In that case, there would be `((2^32) / 100) + 1` buckets (around 43 million)
and the last bucket would only cover up to `((2^32) % 100) - 1`, which is 95.
So, 96-99 each would be off by about 1 in 43 million rolls. Not really
detectable visually. That would essentially appear to be background noise at
that point and explainable just by the nature of random rolls.

So, let's define `test1`, a test that is divised to guard against that
particular type of error. That's easy enough: just pick your numbers in such a
way to minimize the number of buckets while still having some elements missing
from the last bucket. So, picking `((2^32) / 4) * 3` would result in two
buckets, with about 2/3 of the numbers in that range not being represented in
the second bucket. Consequently, this makes it _very_ easy to count and _very_
easy to tell that something is off. Roll 100_000 times or so and count how many
of those rolls fall into the first third of the range, and then count how many
of those rolls fall into the last third of the range. If the counts differ (and
they will in the case of `badUniform`), then you know there's an issue.

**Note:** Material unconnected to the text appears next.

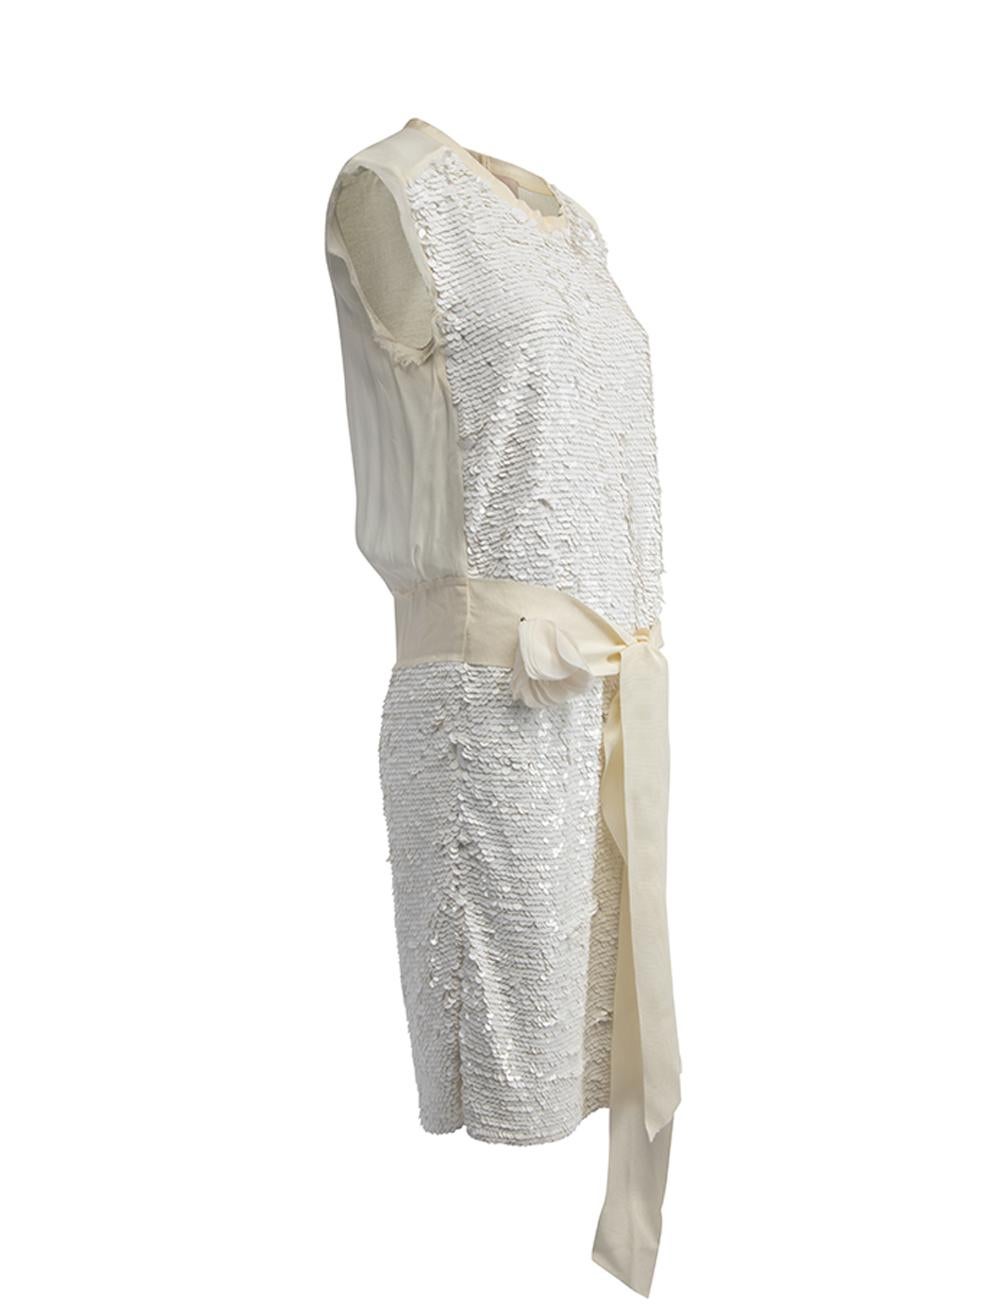 CONDITION is Very good. Minimal wear to dress is evident. Minimal wear to the neckline and flower attachment on this used Lanvin designer resale item. Details Cream Synthetic Sleeveless mini dress Sequinned Round neckline Tie waist ribbon with

Now, let's define `test2` to answer the following question: what if the reroll
condition was chosen in such a way that it was off-by-one? Well, we'd have a
very, very tough time figuring that out since, even with 32-bit numbers, a
count array holding _all_ numbers in that space would be too massive.
Thoroughly analyzing that data would be even more of a challenge. So, to be
fully rigorous about this, `test2` has to _slightly_ modify the types internal
to the new uniform implementation to ensure that the rnum is generated using
ubytes to make it so that it's easy to analyze (it uses
`typeof(unsigned(b-lower))` by default which is minimally a uint, which
prevents excessive and expensive rerolls when smaller types are used). This
does _not_ change overall algorithm, so it still applies to the bigger version
of the new uniform as well. Now `test2` just tries out several `i` in
`uniform(0, i)` s.t. `i` is a number around `128` (which is the exact middle of
the range of 8-bit integers) to make sure everything behaves properly around
that critical point.

Here is the code and results from running the code for these two tests using
the new uniform and a bad uniform:

https://gist.github.com/Zshazz/450f57a5374bf0b80fb5

---

So all that said, these tests aren't necessarily going to cover every possible
question about statistical issues that this new uniform could bring up, either.
Hence a general argument for correctness is probably a better approach. For a
complete description, I refer to my document on my dropbox:

https://dl.dropboxusercontent.com/u/2206555/uniformUpgrade.pdf

Because it's possible (and likely eventually) that this document will no longer
appear on my dropbox, I'll reproduce the most important information here (not
exactly what is in the document, but close enough):

The modulus operator maps an integer to a small, finite space. For instance, `x
% 3` will map whatever x is into the range [0 .. 3). 0 maps to 0, 1 maps to 1,
2 maps to 2, 3 maps to 0, and so on infinitely. As long as the integer is
uniformly chosen from the infinite space of all non-negative integers then `x %
3` will uniformly fall into that range.

(Non-negative is important in this case because some definitions of modulus,
namely the one used in computers generally, map negative numbers differently to
(-3 .. 0]. `uniform` does not use negative number modulus, thus we can safely
ignore that fact.)

The issue with computers is that integers have a finite space they must fit in,
and our uniformly chosen random number is picked in that finite space. So, that
method is not sufficient. You can look at it as the integer space being divided
into "buckets" and every bucket after the first bucket maps directly into that
first bucket. `[0, 1, 2]`, `[3, 4, 5]`, ... When integers are finite, then the
last bucket has the chance to be "incomplete": `[uint.max - 3, uint.max - 2,
uint.max - 1]`, `[uint.max]` ... (Uh oh, the last bucket only has 1!). The
issue here is that _every_ bucket maps _completely_ to the first bucket except
for that last one. The last one doesn't have corresponding mappings to 1 or 2,
in this case, which makes it unfair.

So, the answer is to simply "reroll" if you're in that last bucket, since it's
the only unfair one. Eventually you'll roll into a fair bucket. Simply, instead
of the meaning of the last bucket being "maps to `[0]`", it changes to "maps to
`[0, 1, 2]`", which is precisely what we want.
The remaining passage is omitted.